The Sukhoi Su-24 (NATO reporting name: Fencer) is a supersonic, all-weather attack aircraft developed in the Soviet Union. The aircraft has a variable-sweep wing, twin-engines and a side-by-side seating arrangement for its two crew. It was the first of the USSR's aircraft to carry an integrated digital navigation/attack system.
The Su-24 has a shoulder-mounted variable geometry wing outboard of a relatively small fixed wing glove, swept at 69°. The wing has four sweep settings: 16° for take-off and landing, 35° and 45° for cruise at different altitudes, and 69° for minimum aspect ratio and wing area in low-level dashes. The variable geometry wing provides excellent STOL performance, allowing a landing speed of 230 kilometers per hour (140 mph), even lower than the Sukhoi Su-17 despite substantially greater take-off weight. Its high wing loading provides a stable low-level ride and minimal gust response.

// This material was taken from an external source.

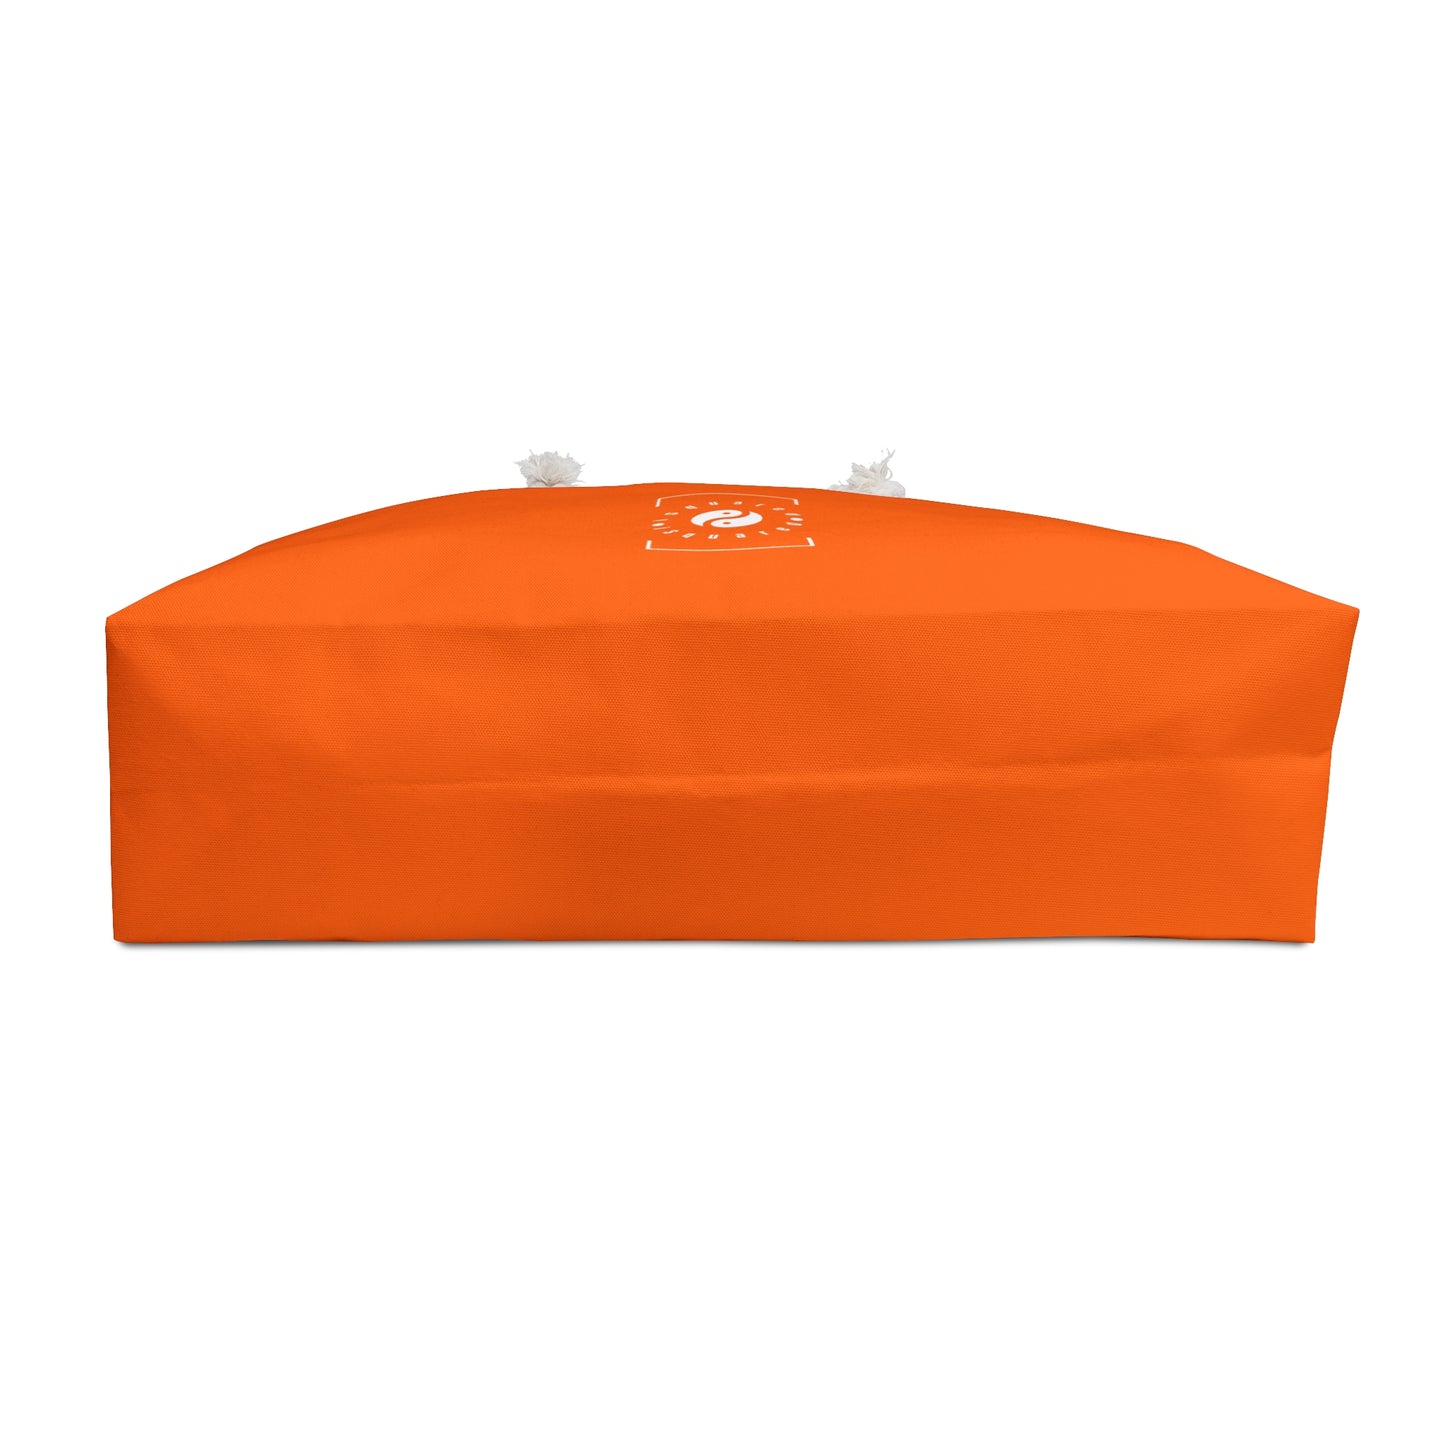 Neon Orange #FF6700 - Casual Yoga Bag

The Su-24 has two Saturn/Lyulka AL-21F-3A after-burning turbojet engines with 109.8 kN (24,700 lbf) thrust each, fed with air from two rectangular side mounted intakes with splitter plates/boundary-layer diverters. Initial Su-24s had basic electronic countermeasures (ECM) equipment, with many Su-24s limited to the old Sirena radar-warning receiver with no integral jamming system. Later-production Su-24s had more comprehensive radar warning, missile-launch warning, and active ECM equipment, with triangular antennas on the sides of the intakes and the tip of the vertical fin. This earned the NATO designation "Fencer-C", although again it did not have a separate Soviet designation. Some "Fencer-C" and later Su-24M ("Fencer-D" by NATO) have large wing fence/pylons on the wing glove portion with integral chaff/flare dispensers; others have such launchers scabbed onto either side of the tail fin.